*Listed records*
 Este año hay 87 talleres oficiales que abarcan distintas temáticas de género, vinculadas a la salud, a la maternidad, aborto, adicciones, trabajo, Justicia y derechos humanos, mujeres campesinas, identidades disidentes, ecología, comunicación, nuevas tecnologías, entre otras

...

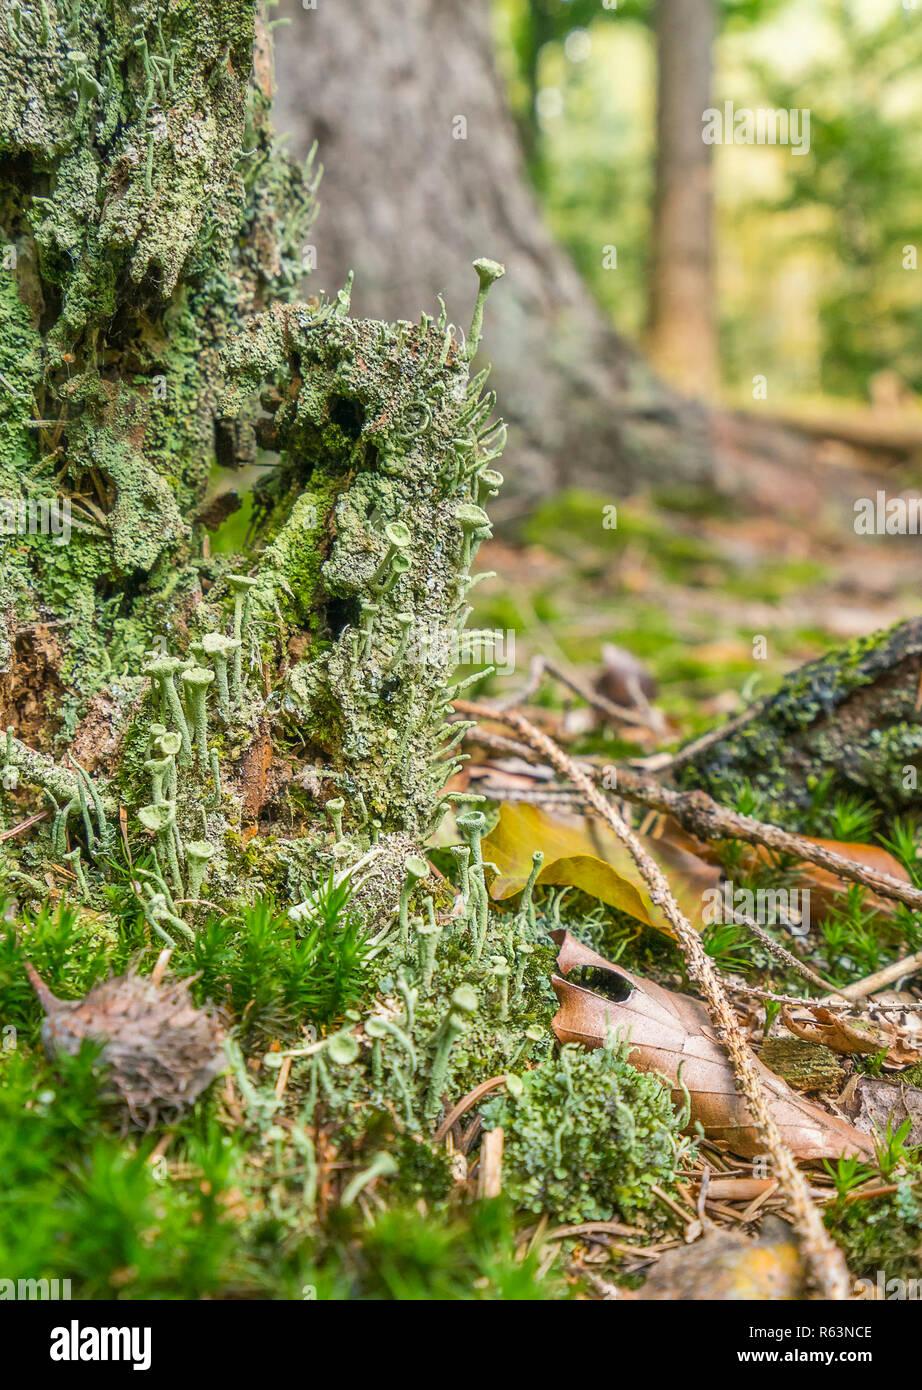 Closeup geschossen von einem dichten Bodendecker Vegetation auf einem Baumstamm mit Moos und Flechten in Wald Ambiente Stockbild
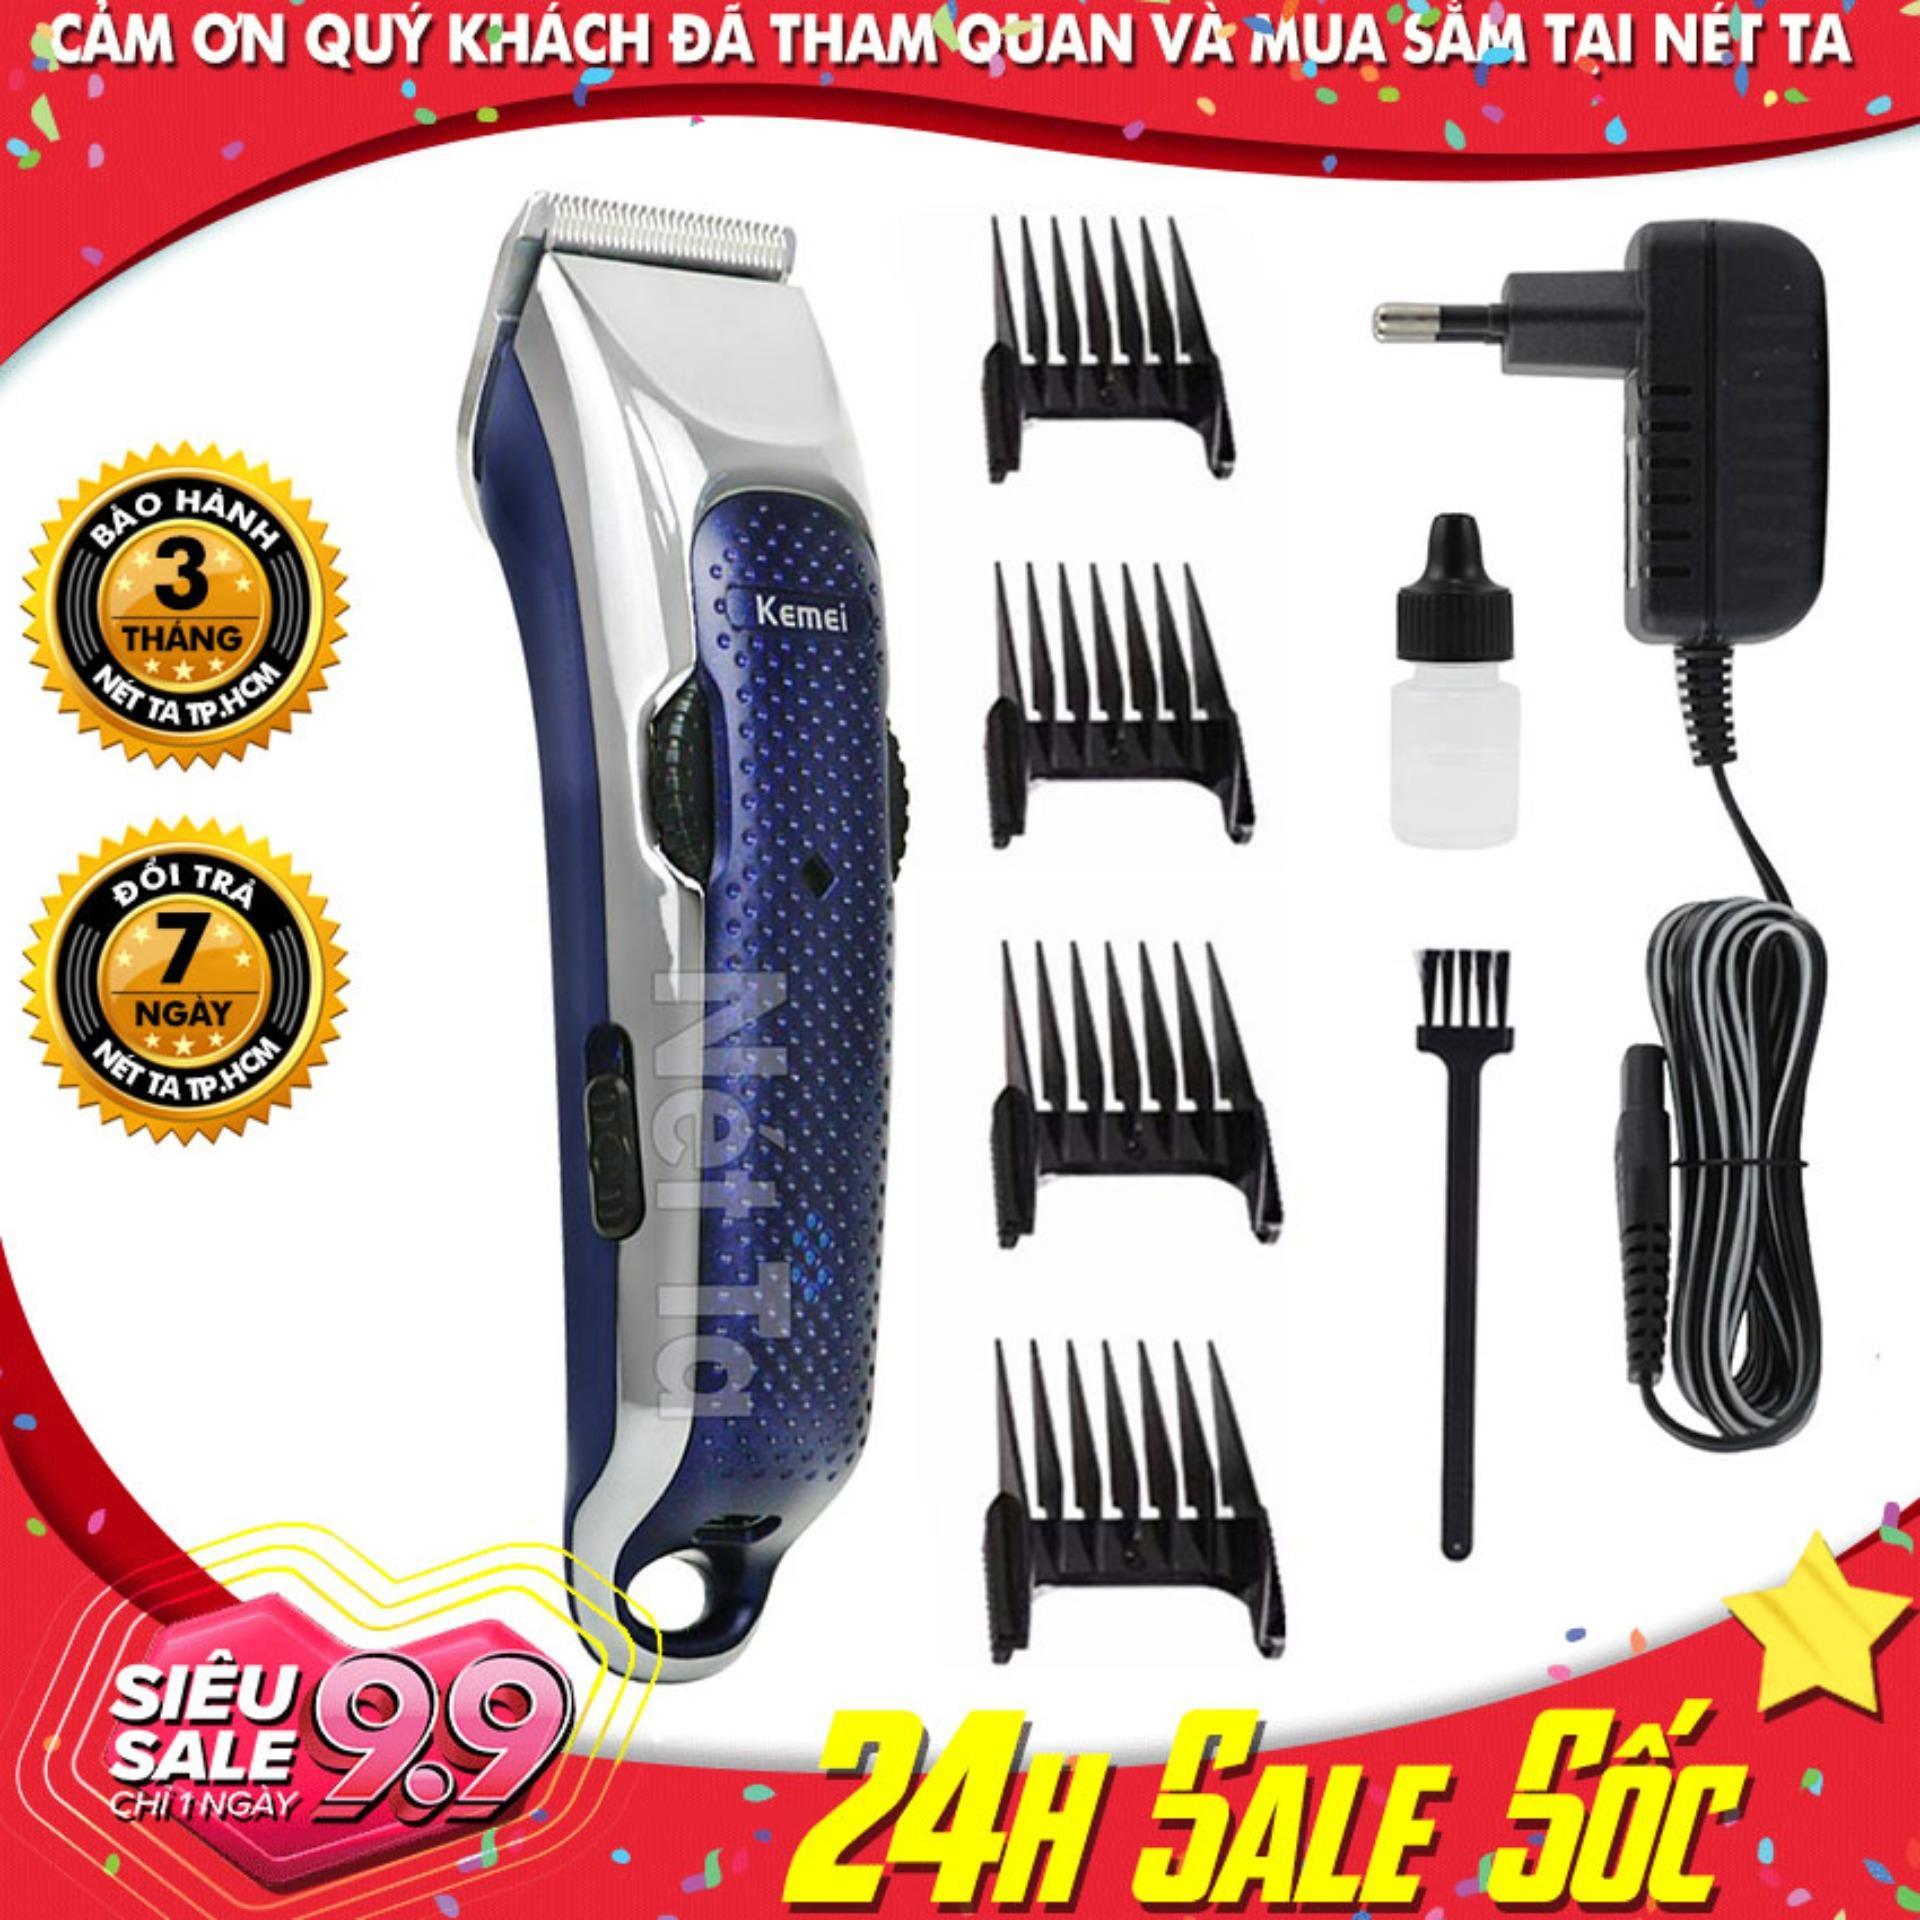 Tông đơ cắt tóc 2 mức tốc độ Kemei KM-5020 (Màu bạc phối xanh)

*What is expected*
Starting at the line containing "Closeup geschossen von" and finishing at the line containing "Tông đơ cắt", return those lines exactly as they appear above, without the pictures.

*Output*
 Closeup geschossen von einem dichten Bodendecker Vegetation auf einem Baumstamm mit Moos und Flechten in Wald Ambiente Stockbild
 Tông đơ cắt tóc 2 mức tốc độ Kemei KM-5020 (Màu bạc phối xanh)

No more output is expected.